# [What the exercise asks]
Set down the data again word for word. Skip any pictures.

Given material Block Start

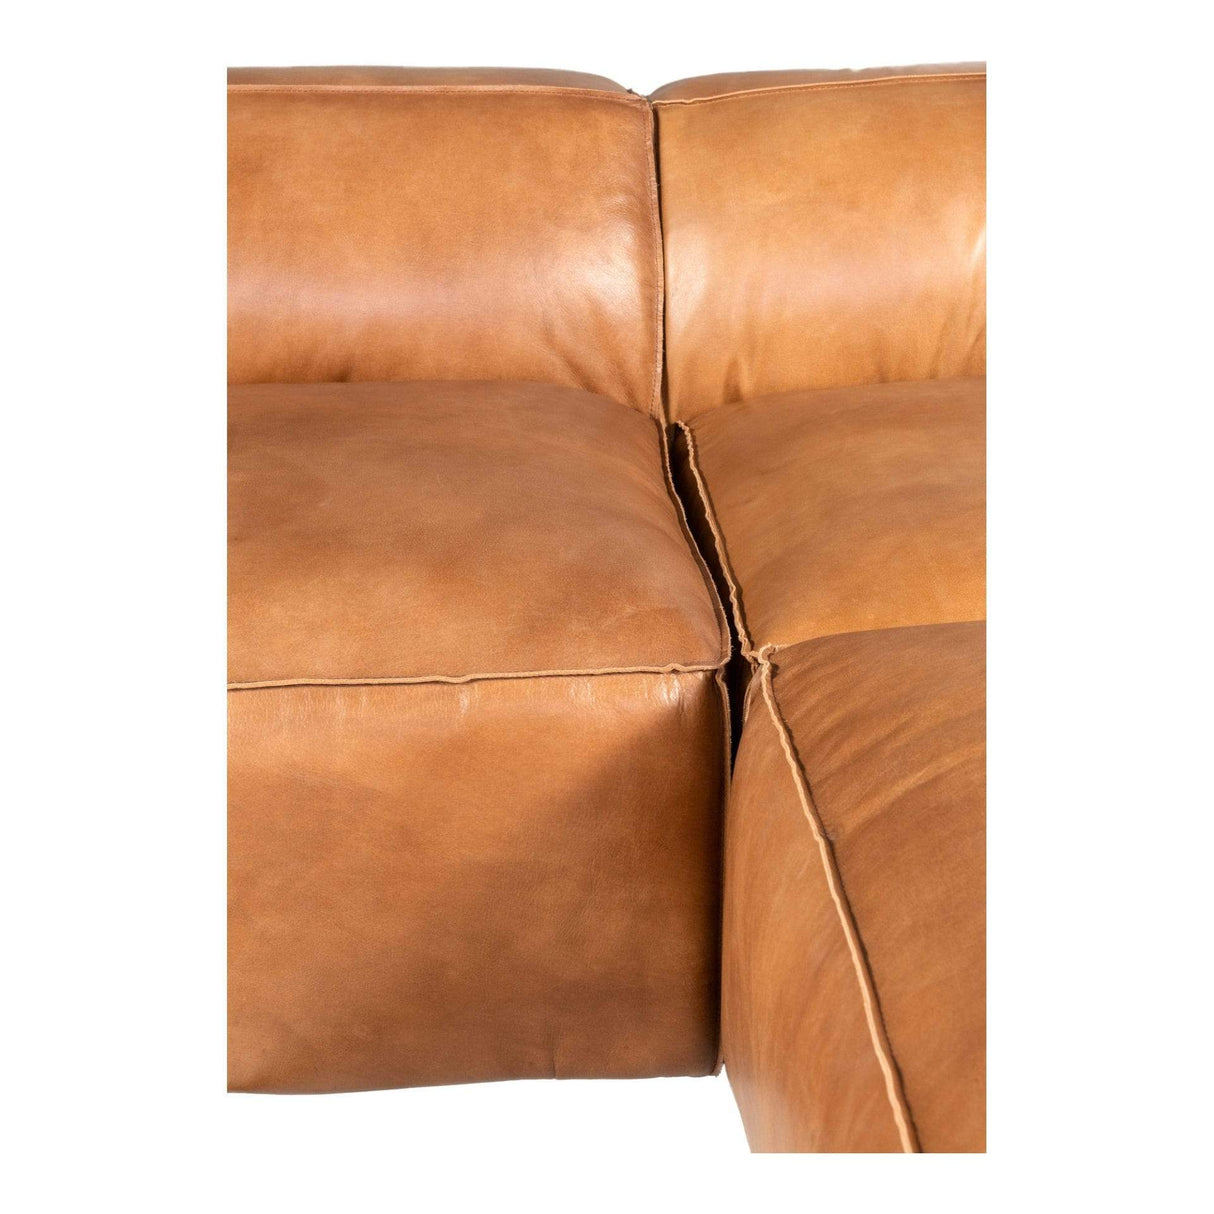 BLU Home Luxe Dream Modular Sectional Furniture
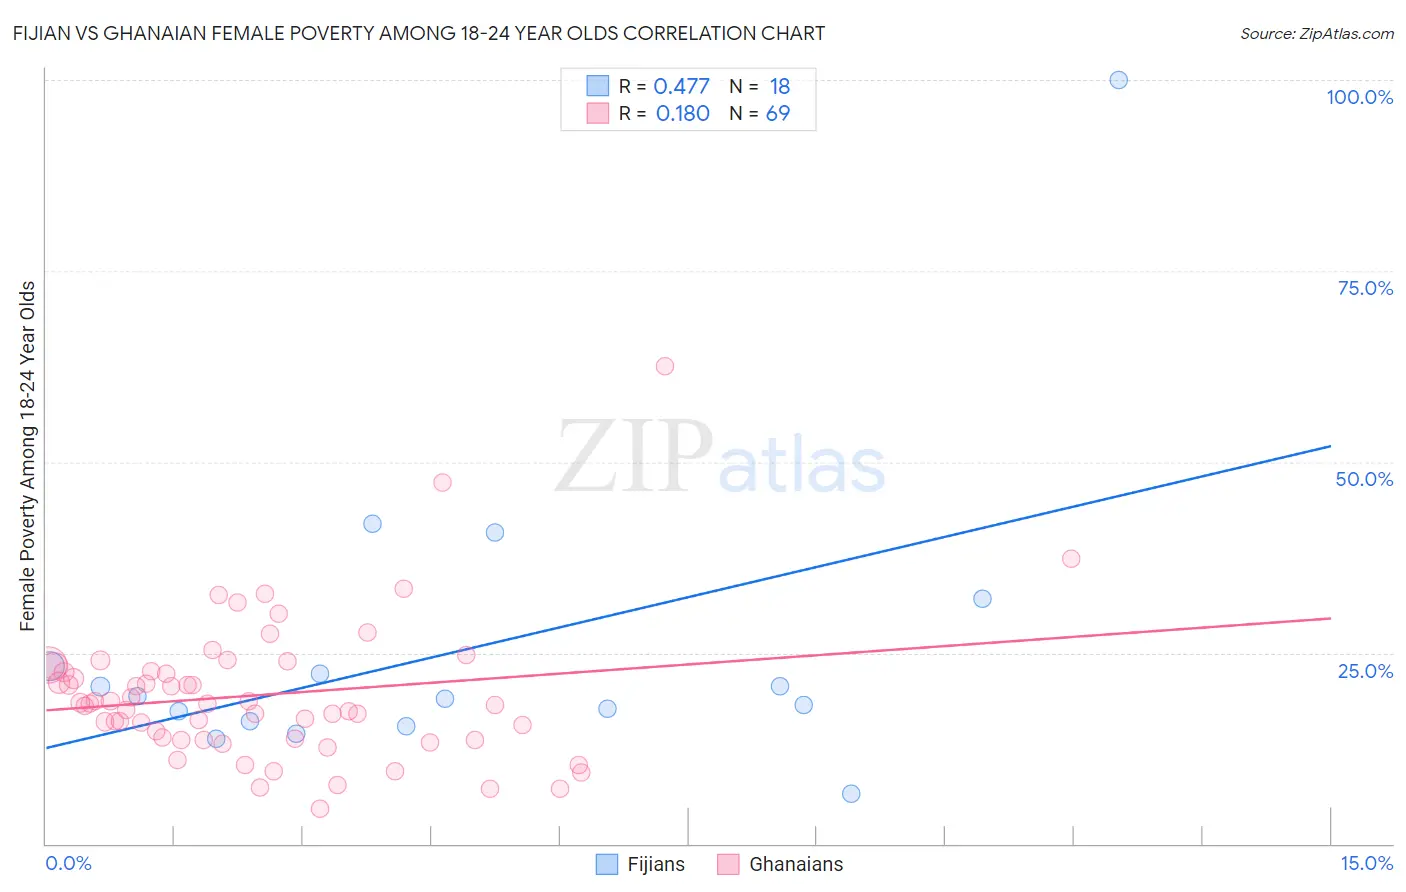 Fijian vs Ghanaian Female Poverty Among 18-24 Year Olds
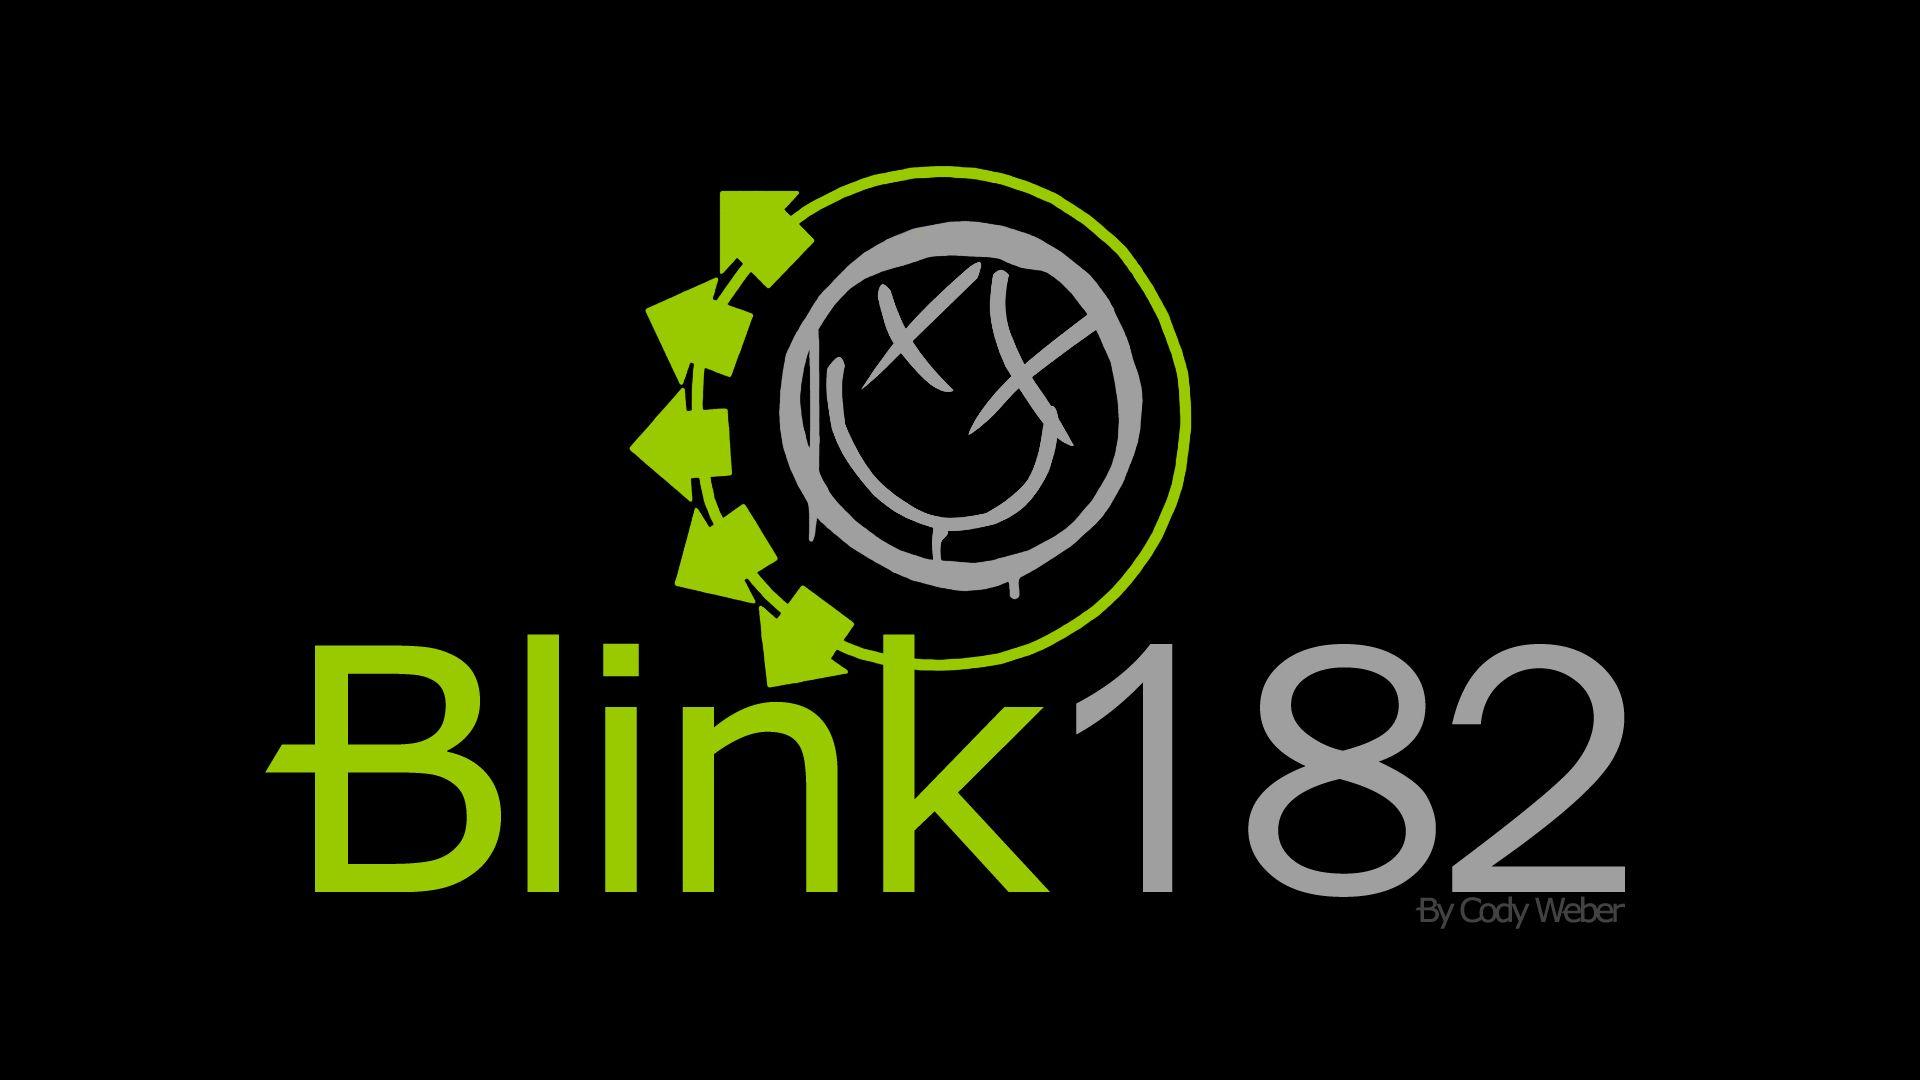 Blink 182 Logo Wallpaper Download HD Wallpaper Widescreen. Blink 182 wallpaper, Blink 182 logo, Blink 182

Given material Block End

# [Worked solution]
 BLU Home Luxe Dream Modular Sectional Furniture
 Fijian vs Ghanaian Female Poverty Among 18-24 Year Olds
 Blink 182 Logo Wallpaper Download HD Wallpaper Widescreen. Blink 182 wallpaper, Blink 182 logo, Blink 182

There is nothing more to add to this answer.